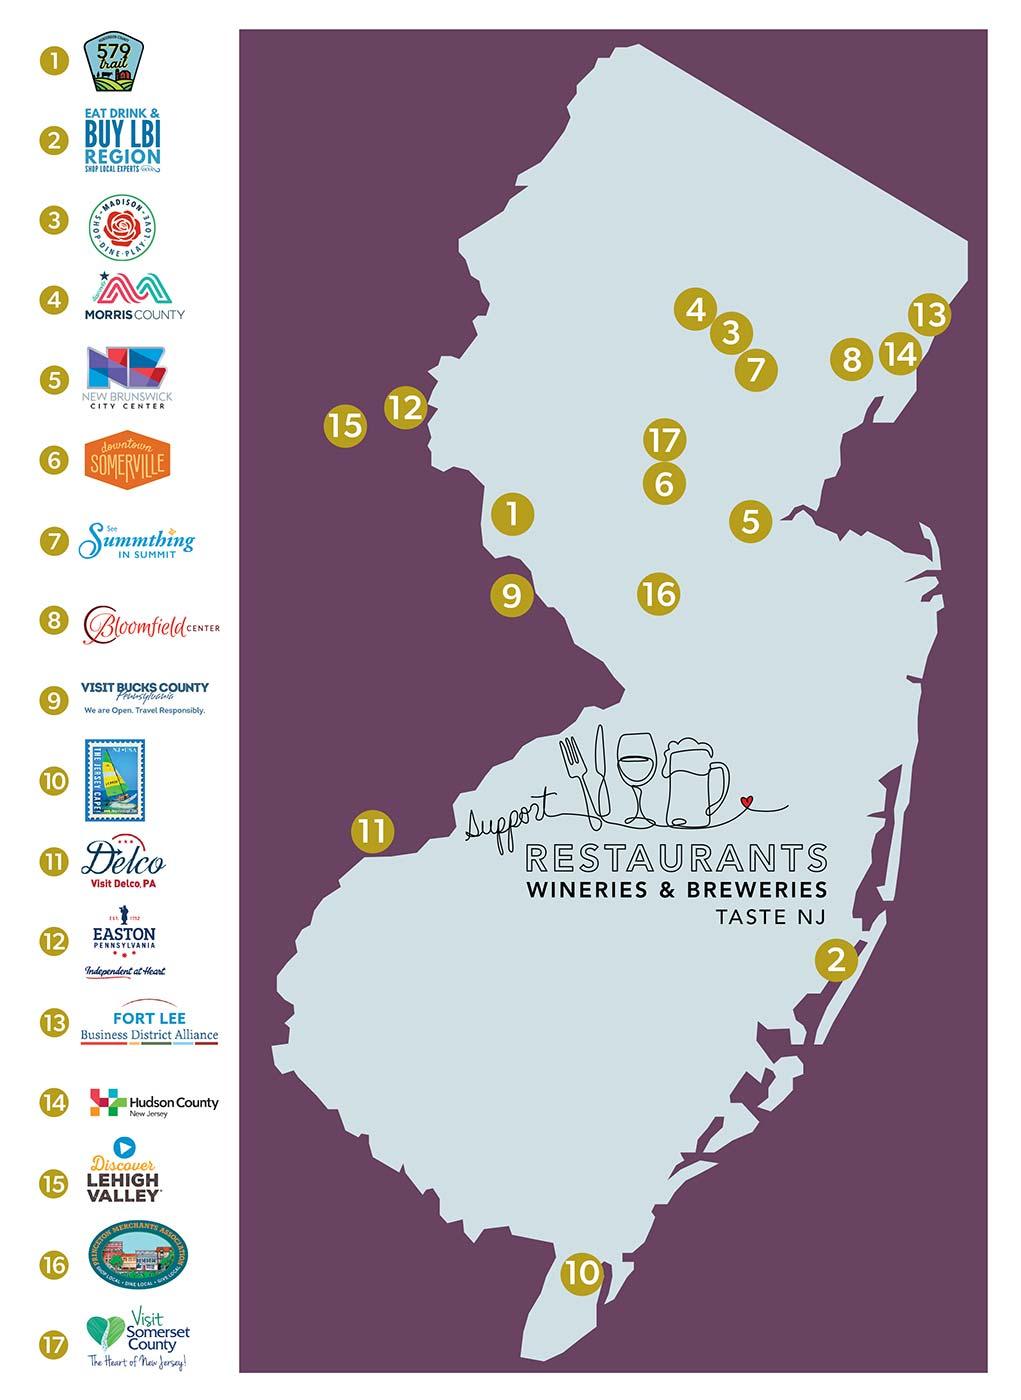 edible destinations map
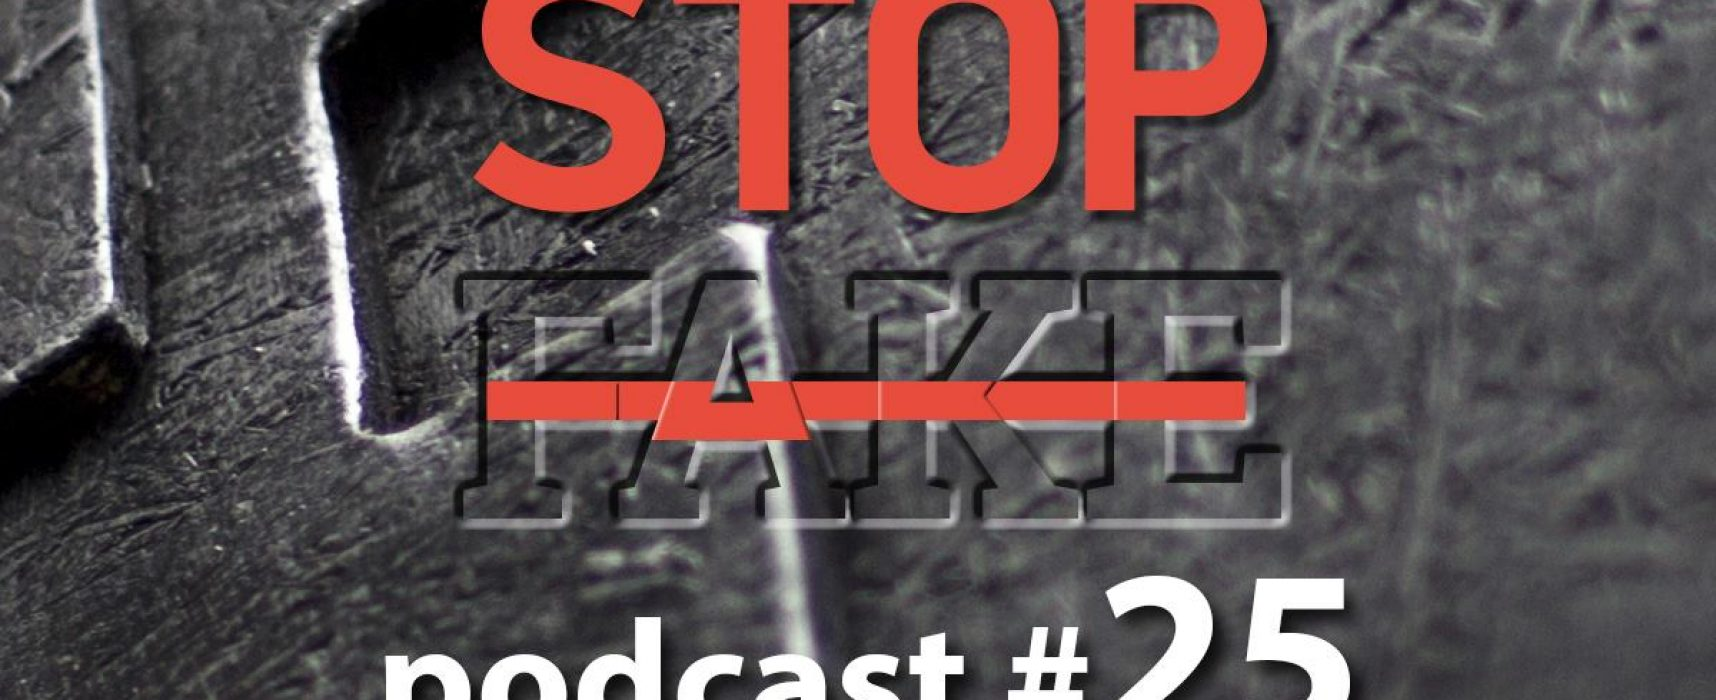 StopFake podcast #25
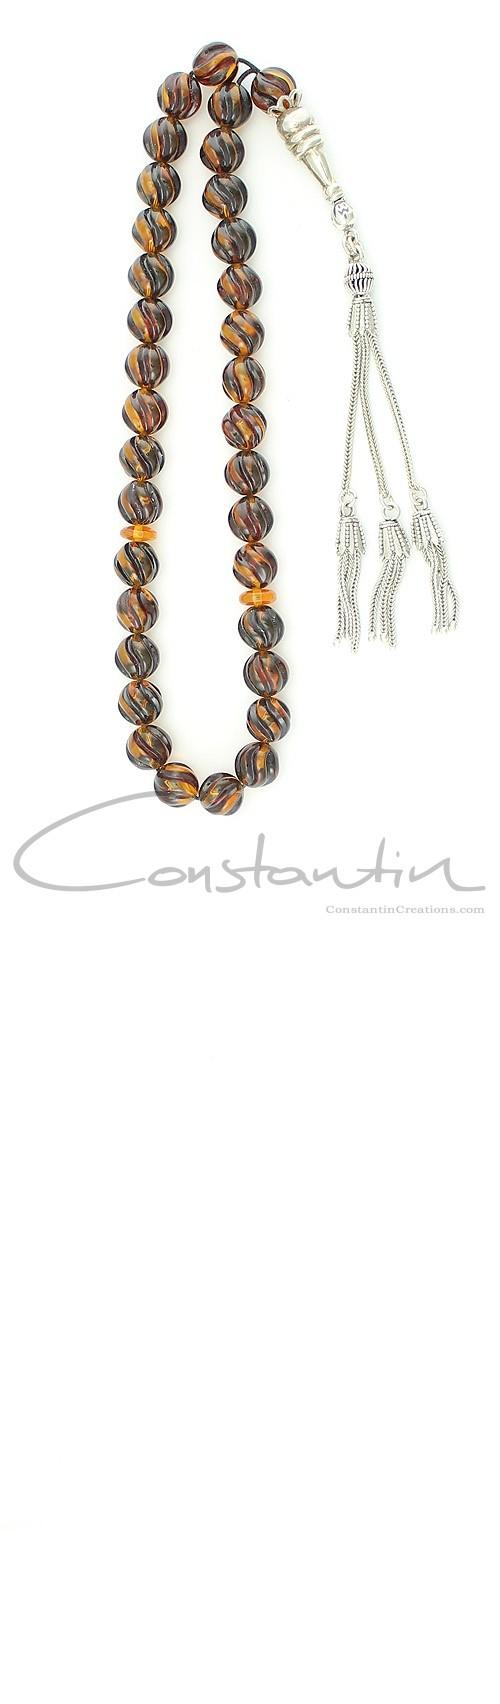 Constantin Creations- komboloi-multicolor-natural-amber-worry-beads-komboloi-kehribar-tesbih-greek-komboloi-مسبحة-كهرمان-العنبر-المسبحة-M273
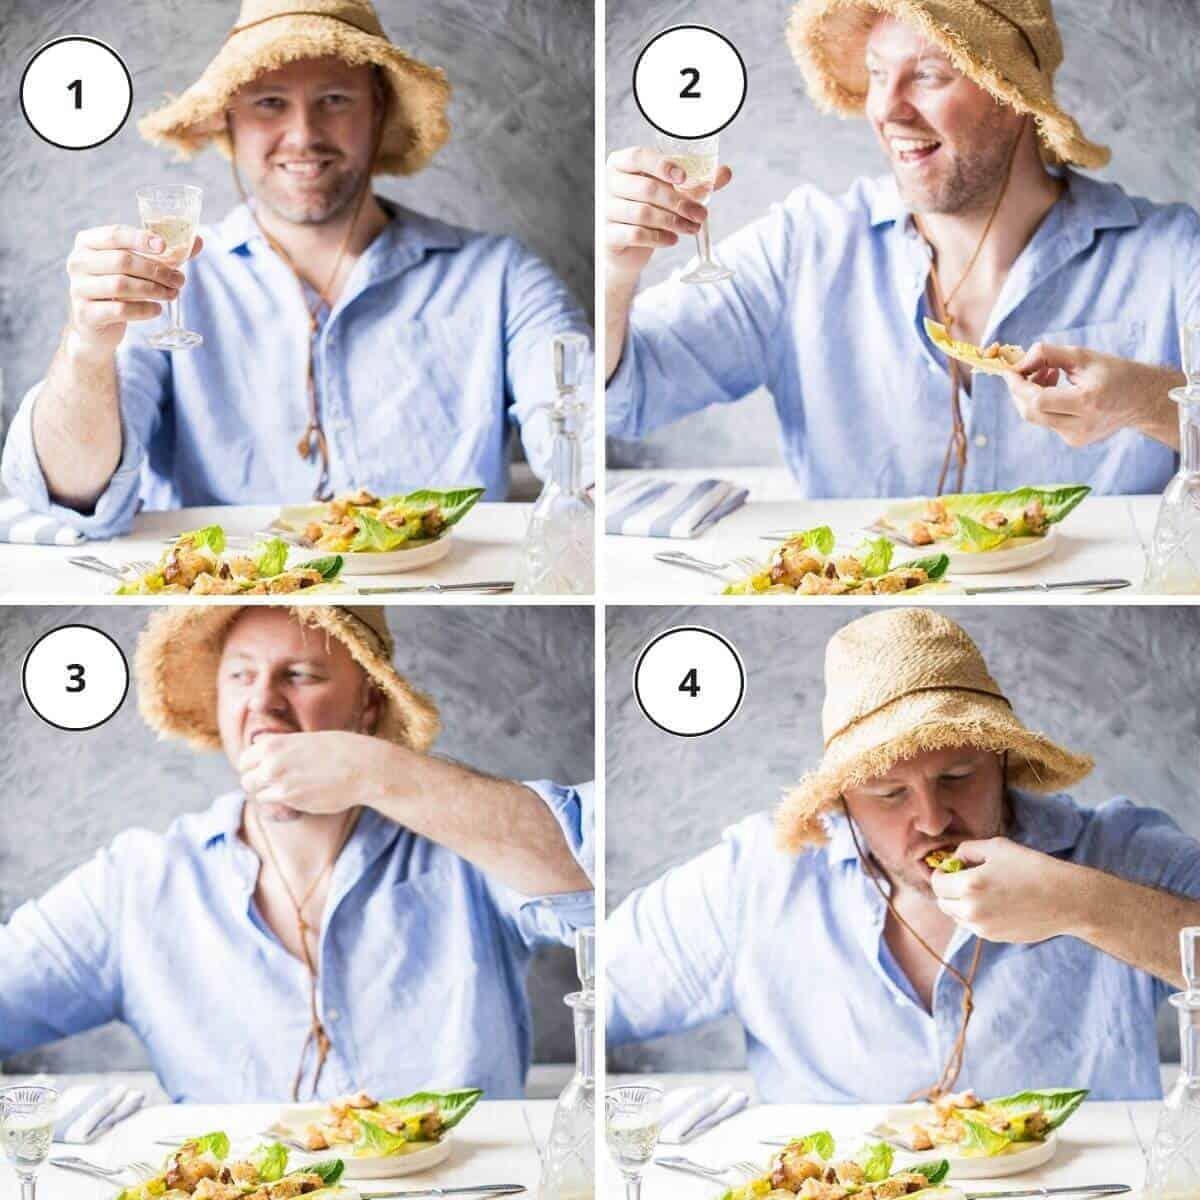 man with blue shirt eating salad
------------------------------
#### [Directions for this task]
Without the images, write out each line of the data verbatim.

#### [Solution to the exercise]
 edible destinations map
 StopFake podcast #25
 Constantin Creations- komboloi-multicolor-natural-amber-worry-beads-komboloi-kehribar-tesbih-greek-komboloi-مسبحة-كهرمان-العنبر-المسبحة-M273
 man with blue shirt eating salad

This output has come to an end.